From Homelessness to Reading Poems at the UN
Here's a cool story about Juan Fernandez Rua in Mercury News.
Poetry had long played a role in the life of Juan Fernandez Rua. When he worked as a banker. As a drug counselor. And most especially when he was homeless, or "living out in the open," as he prefers to call it.
But it was the poetry that always kept him going. He studied it as a young man in New York City and has written about 500 poems, by his own estimation.
For Fernandez, or "J" as he is known by friends and acquaintances, life took an entirely new turn on Oct. 17 when he returned to New York from his current home in Oakland to read one of his recent poems, "A Real Poem," at the United Nations.
"I wasn't expecting it -- it was a big surprise for me," said Fernandez, 61. "I had been writing for 40 years, and all of a sudden I was invited to read a poem that I had written a year earlier. I had read my poems at universities, cafes and even bars in my life, but never at the United Nations, so it was exciting."
Fernandez received his invitation to read "A Real Poem" at the U.N. from the Fourth World Movement, an international antipoverty organization, to coincide with the International Day for the Eradication of Poverty (which celebrated its 25th anniversary this year). Fernandez's poem came to the attention of the Fourth World Movement after it was published in Street Spirit, a Bay Area newspaper dedicated to the issues of poverty, homelessness and human rights.
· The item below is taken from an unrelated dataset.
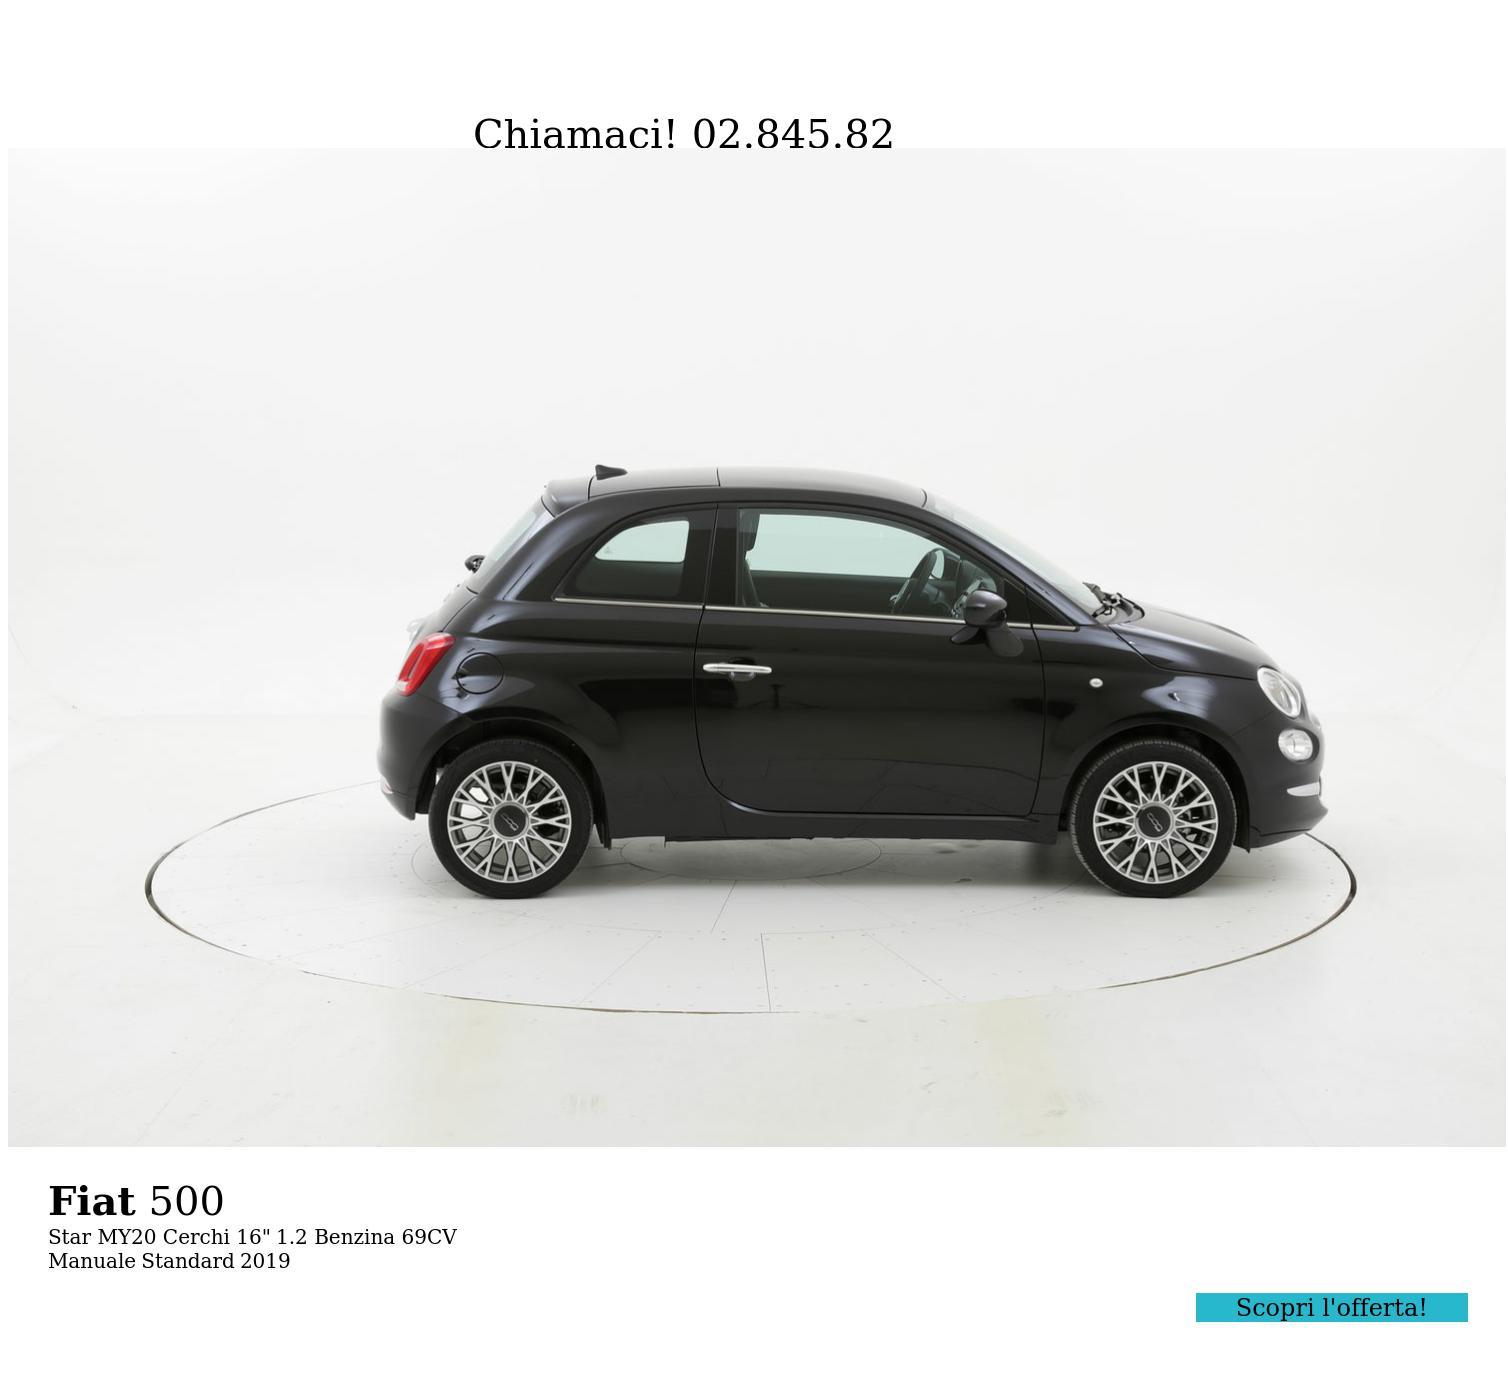 "Fiat 500 Star MY20 Cerchi 16"" km 0 benzina nera   brumbrum"

Fernandez's days "living out in the open" influenced the writing of "A Real Poem."
"When you live on the street as I did for five to six years, you meet people who are sharing that experience with you," he said. "You meet some good people, you meet some kind people, people who were kind to me, people who were like brothers to me."
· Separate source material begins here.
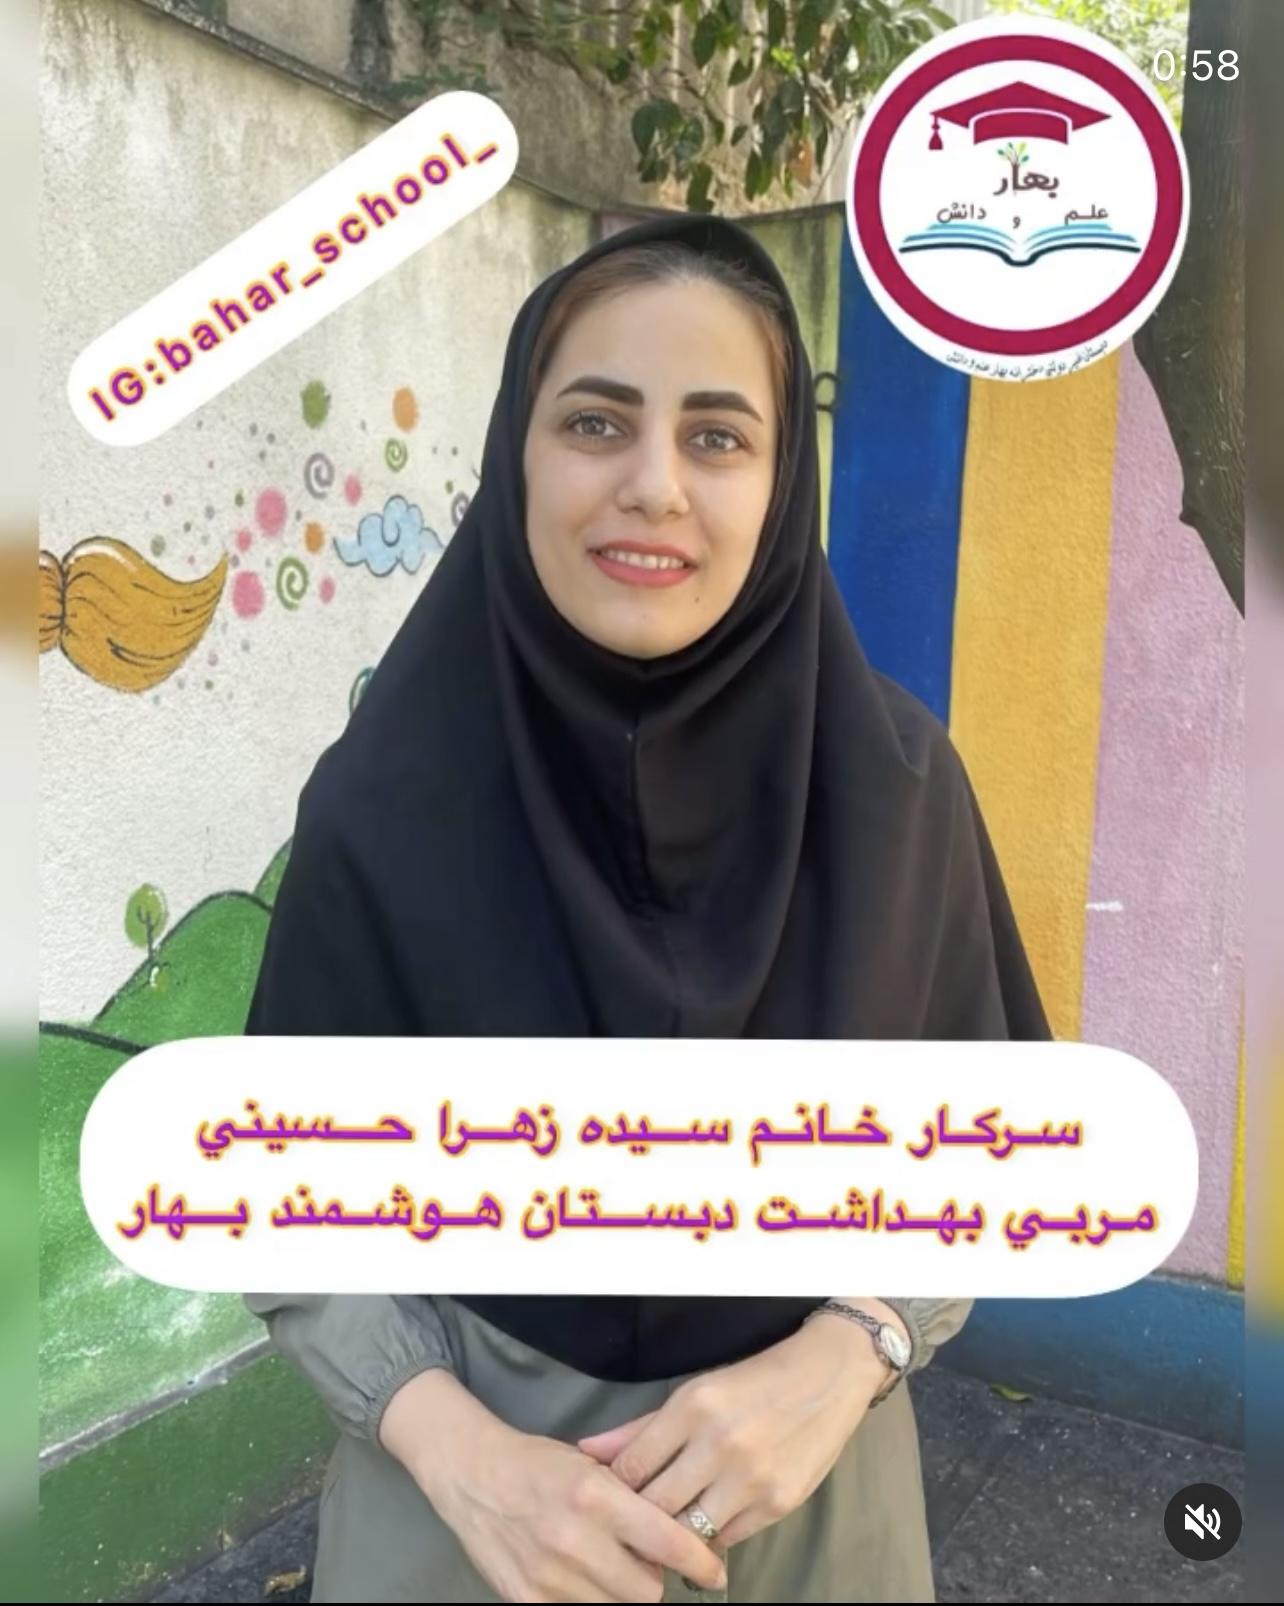 سركار خانم حسيني مربي بهداشت

Juan Gonzalez, the poem's main character, who dies while sleeping outside on a bench, is fictional. Still, he is every bit one of Fernandez's "brothers."
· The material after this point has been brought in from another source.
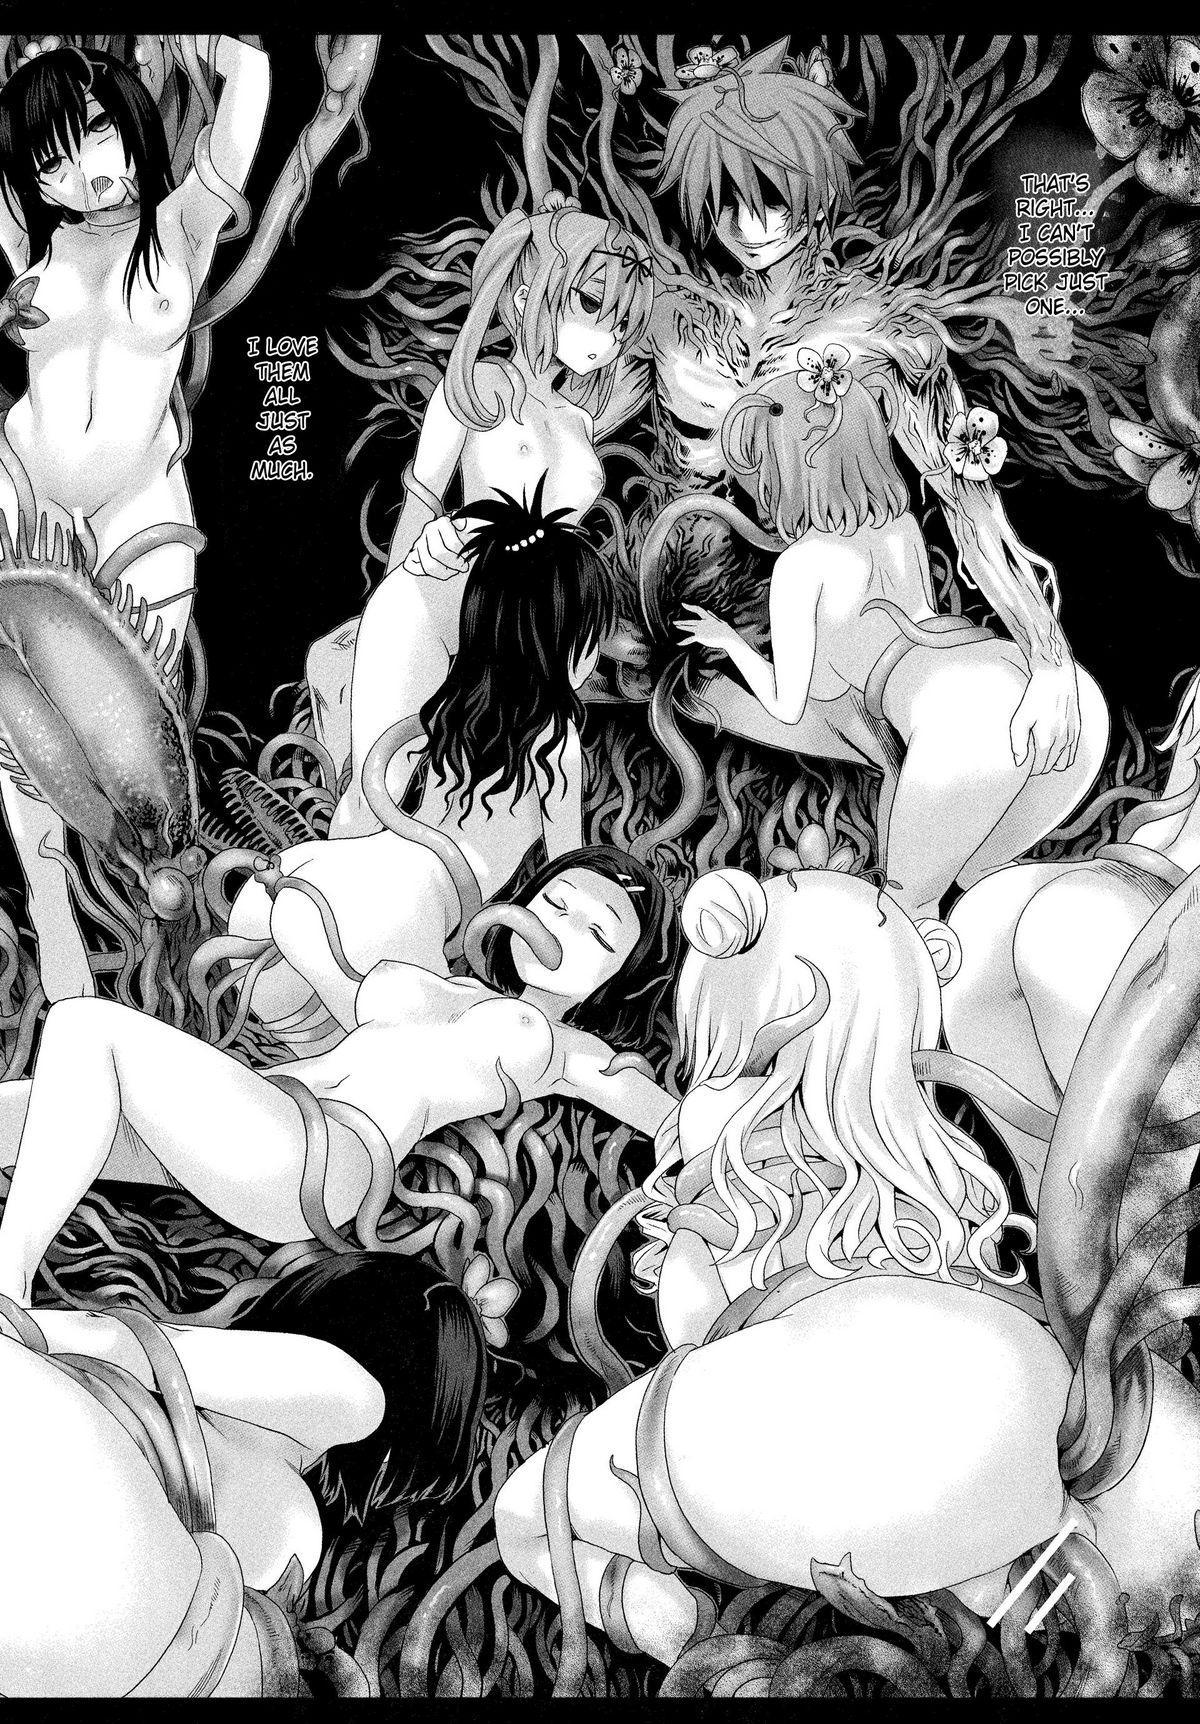 Victim Girls 8 - Venus Trap 21

"I also knew people who died on the street," Fernandez said. "Juan Gonzalez represents that person who died on the street."
Thanks to help received from Oakland's St. Mary's Center, Fernandez now lives in a federally subsided apartment.
"They helped me advocate for myself," Fernandez said of the staff at St. Mary's. "They helped me get medical care; they had information I didn't have before."